### PROBLEM REQUIREMENTS
Nothing but the pictures is dropped; write out all the remaining data below exactly.

### GIVEN INFORMATION

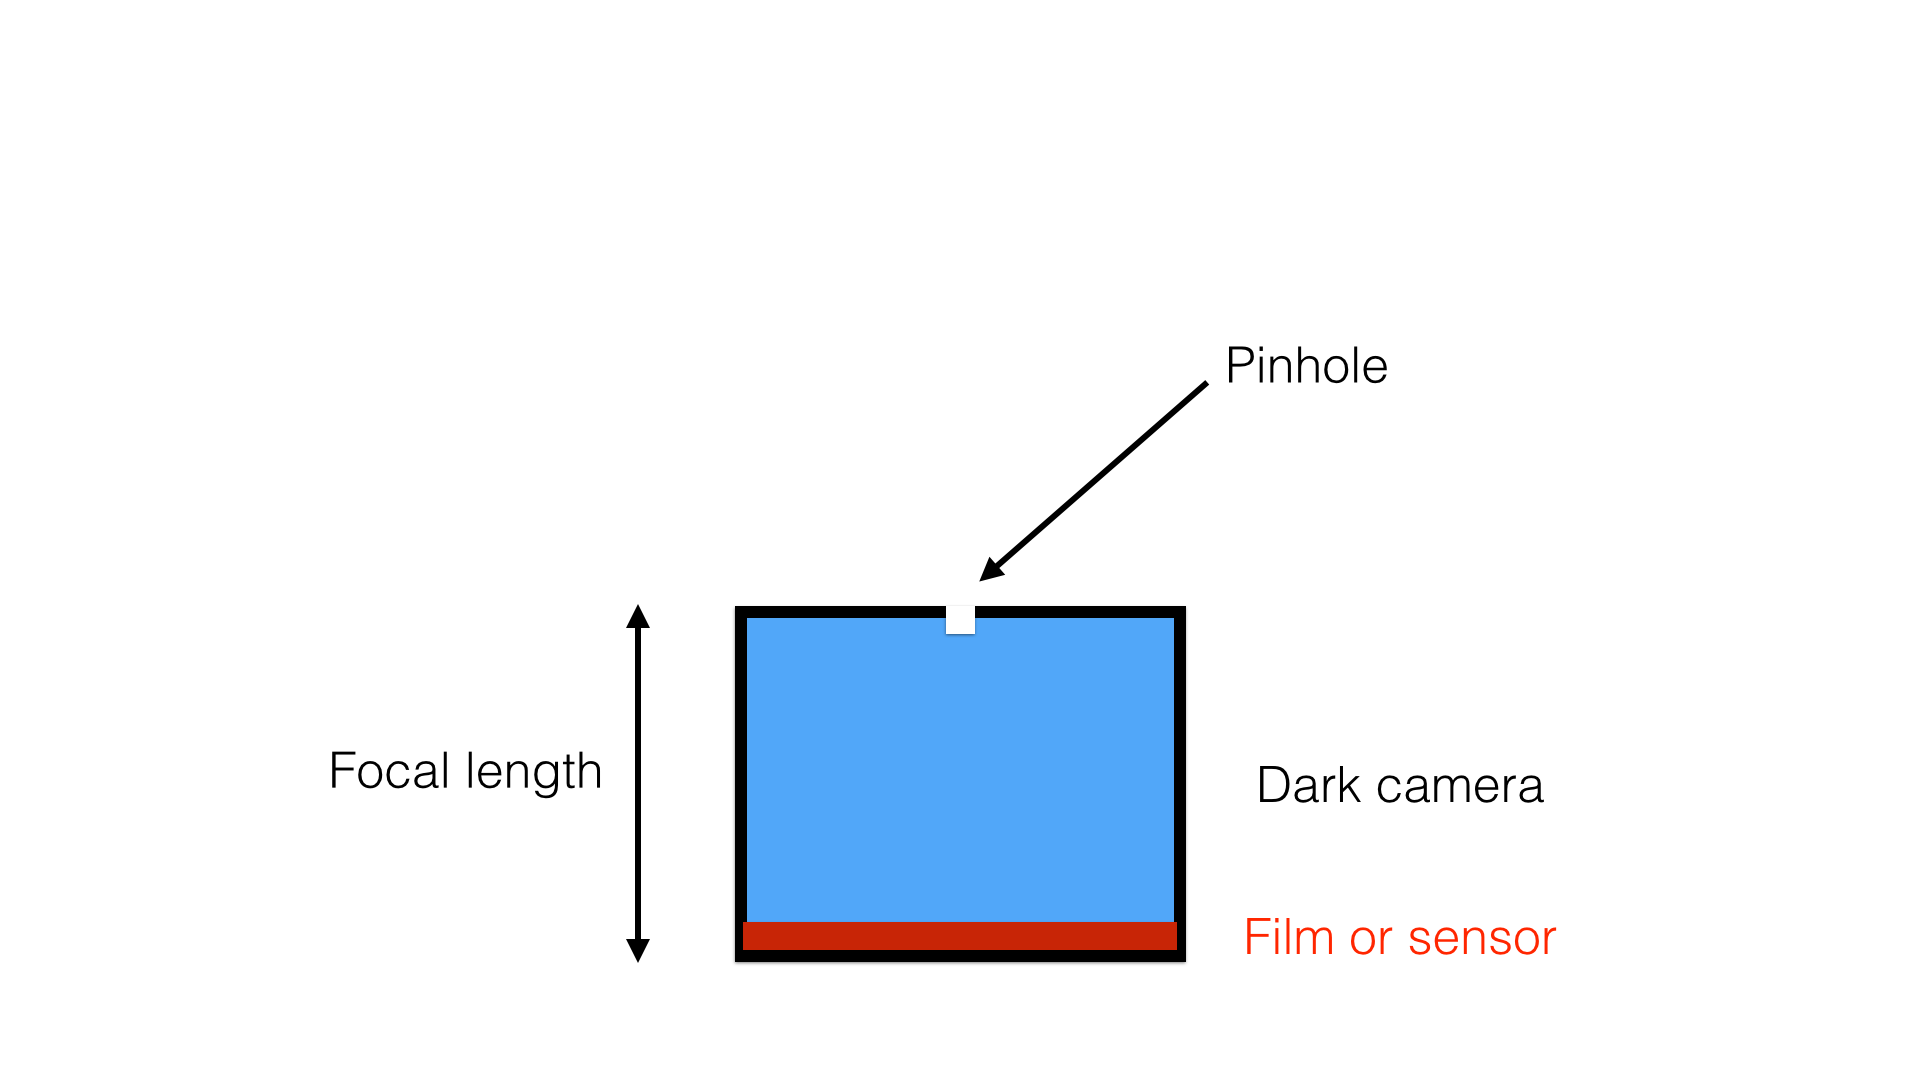 Figure 1: Pinhole camera
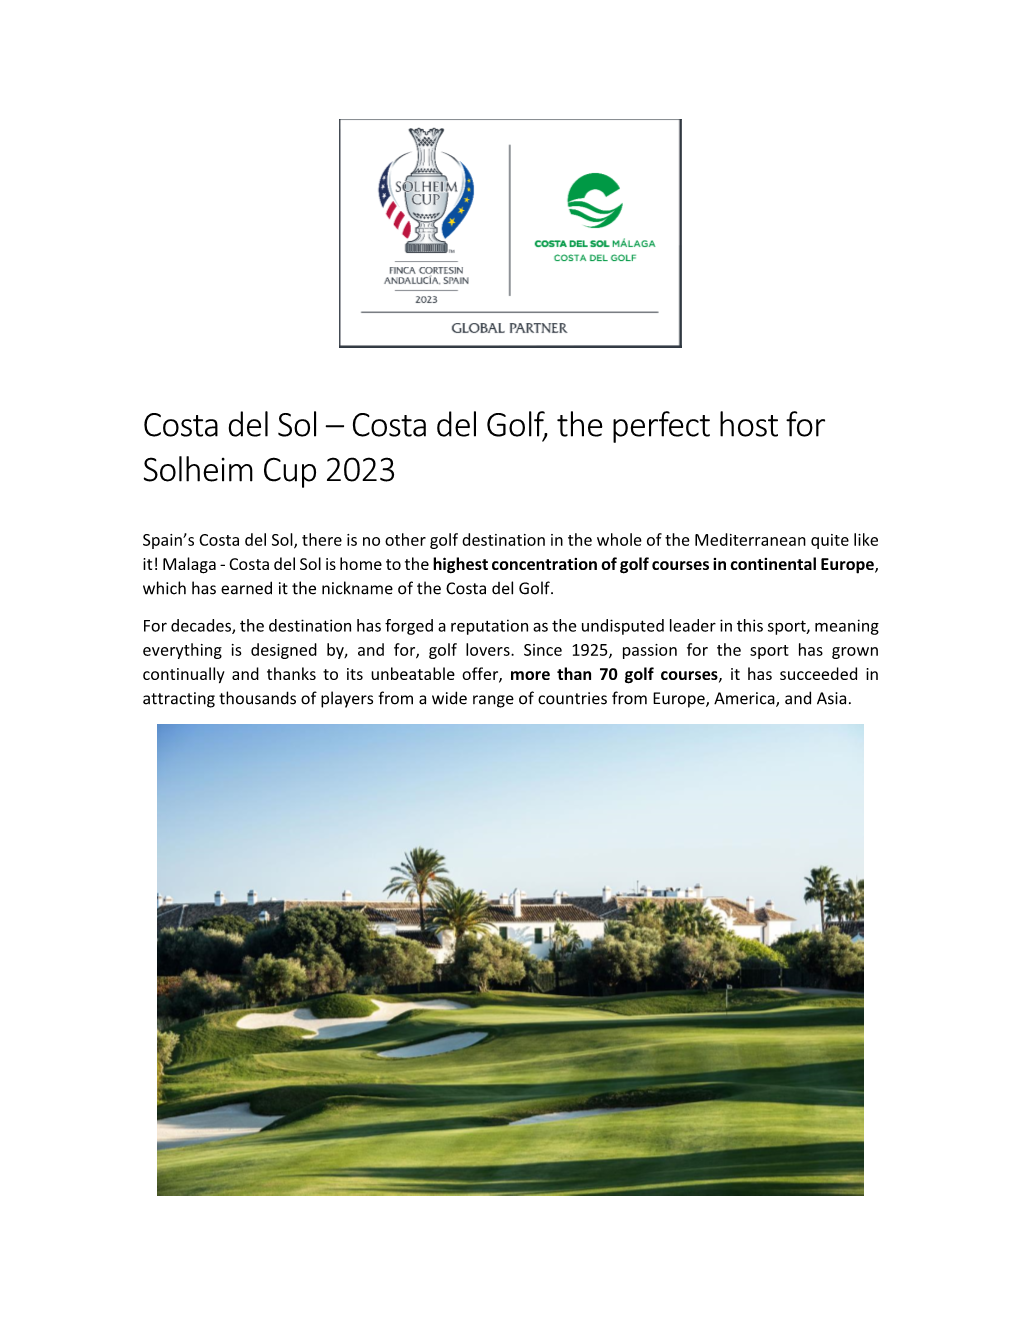 Costa Del Sol – Costa Del Golf, the Perfect Host for Solheim Cup 2023
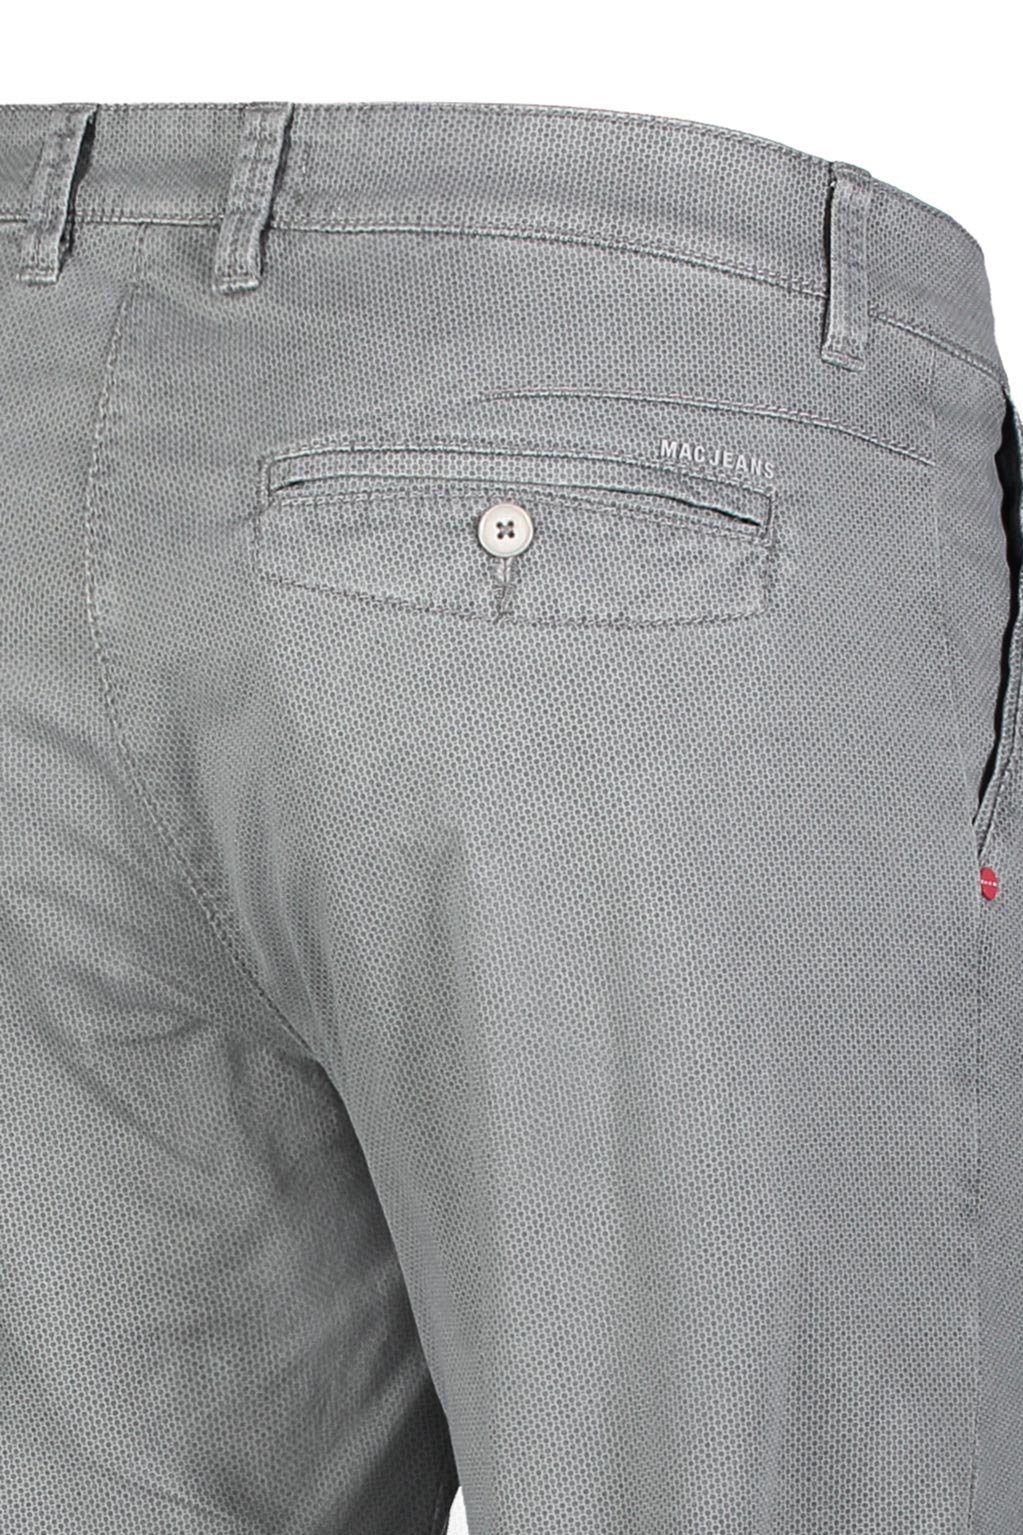 MAC 5-Pocket-Jeans blue LENNOX steel 6365-00-0728L printed 074B MAC

### REPLY
 Figure 1: Pinhole camera
 Costa Del Sol – Costa Del Golf, the Perfect Host for Solheim Cup 2023
 MAC 5-Pocket-Jeans blue LENNOX steel 6365-00-0728L printed 074B MAC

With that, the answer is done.